I must create a system, or be enslaved by another man's.
---William Blake, Jerusalem

What's needed are new theories for handling these massive graphs, Feigenbaum says. Among the ingredients called for are "external memory" algorithms, whose complexity is measured in terms of the number of disk accesses, and "streaming" algorithms, which hang onto the database baby while tossing out the bath-water. Probabilistic models that simulate the typicality and evolution of telephone or Internet traffic are also needed; the current theory of random graphs, bifurcated as it is between complete amorphousness and rigid latticity, is inappropriate for the nebulously structured nature of telecommunications. Finally, there's the delicate question of providing researchers with real data they can use to test their theories and algorithms while protecting the privacy of the phone companies' customers. Cryptographic protocols may help.

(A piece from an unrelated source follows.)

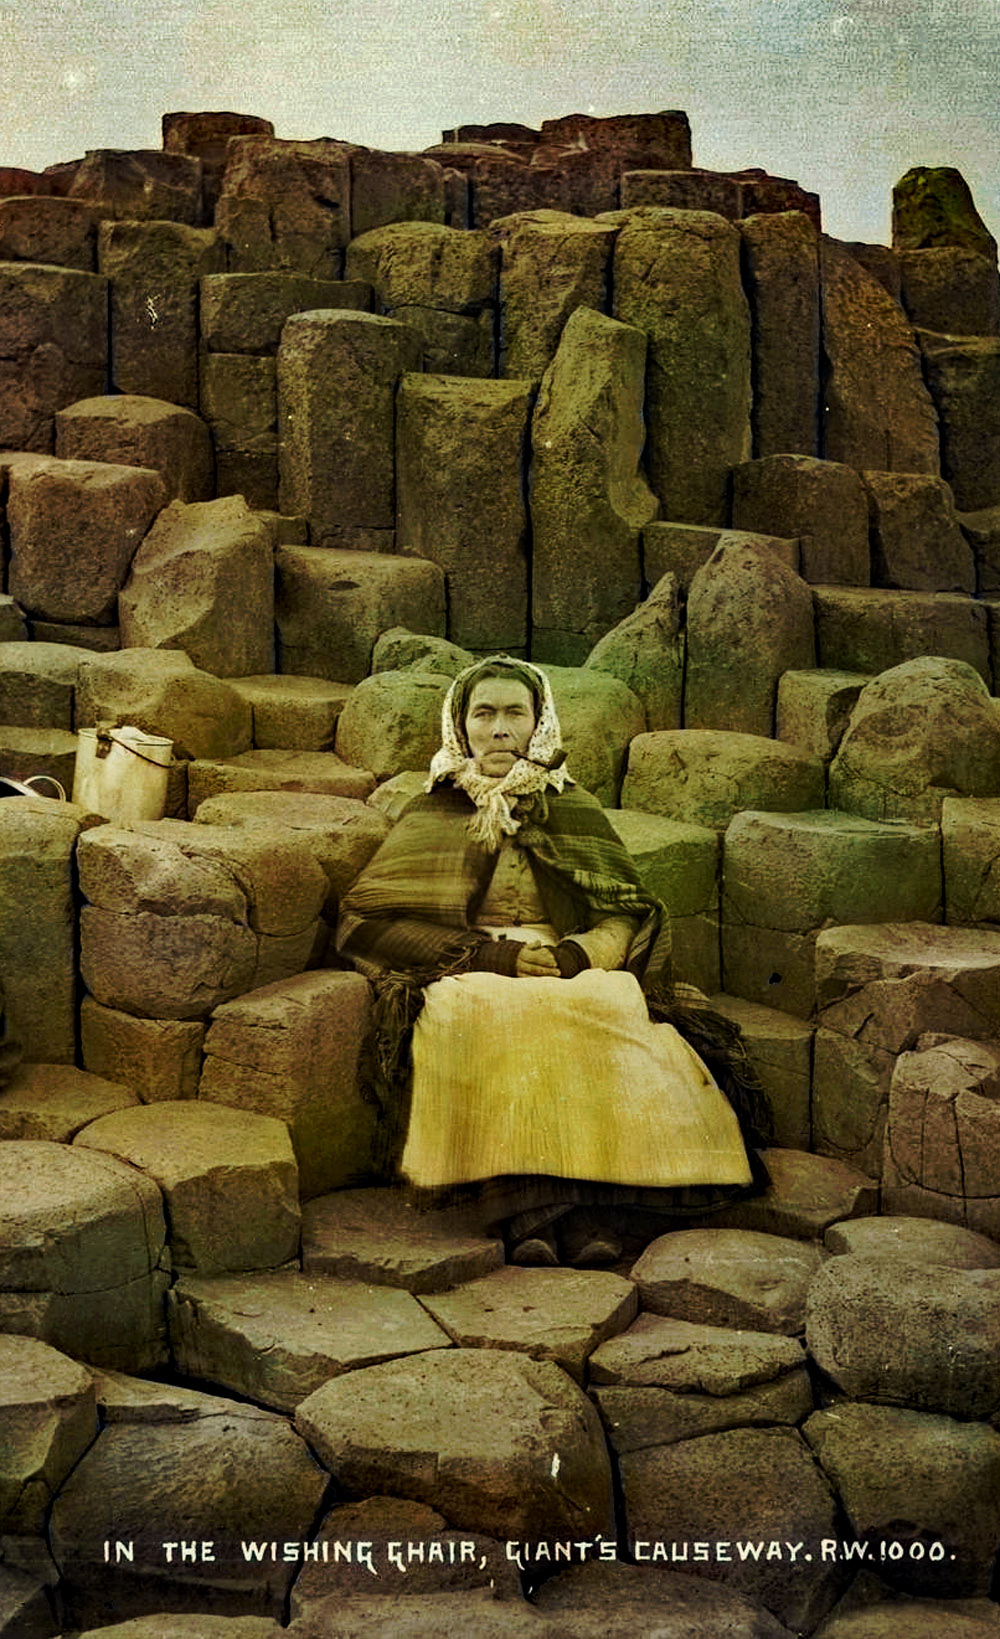 A old woman sitting on the Wishing Chair at the Giant's Causeway.

The scope of the challenge has widened further with the arrival of the latest wrinkle in telecommunications: Internet traffic. In fact, Feigenbaum says, the massive graph metaphor may not be the right mathematical abstraction for the way Internet communications are conducted. It's a little like the segue from classical physics to quantum mechanics: Old-fashioned intuitions can be costly.

The packet-switching approach of Internet traffic is distinctly different from the dedicated-line paradigm of long-distance phone calls. In particular, no one keeps records of Internet traffic-mainly because there's no billing! Even if there were, an IP address is not the same thing as a phone number, Feigenbaum points out, so it's not clear what the nodes of an Internet graph would be. Finally, keeping track of Internet traffic would make the phone companies' current record-keeping tasks look puny by comparison: A single gateway router can generate more than 10 gigabytes of summary data per day.

One niche where graph theory still holds water, as it were, is the hyperlinked landscape of the Web. The Web "digraph" currently has about half a billion nodes (i.e., pages), with approximately 20 million being added every month. The number of directed edges emerging from each node varies widely, but an average of 10 links per page is a good guess. One advantage for researchers is that raw data regarding the Web are, almost by definition, publicly available. The distinct drawback is that there's no single site where it's all stored; if you want to know how Web sites are interconnected, you've pretty much got to go surfing.

The coming years will likely witness a contest between advances in theory and algorithms and the continued growth of massive data sets. For an industry as fiercely competitive as telecommunications, that's only fitting.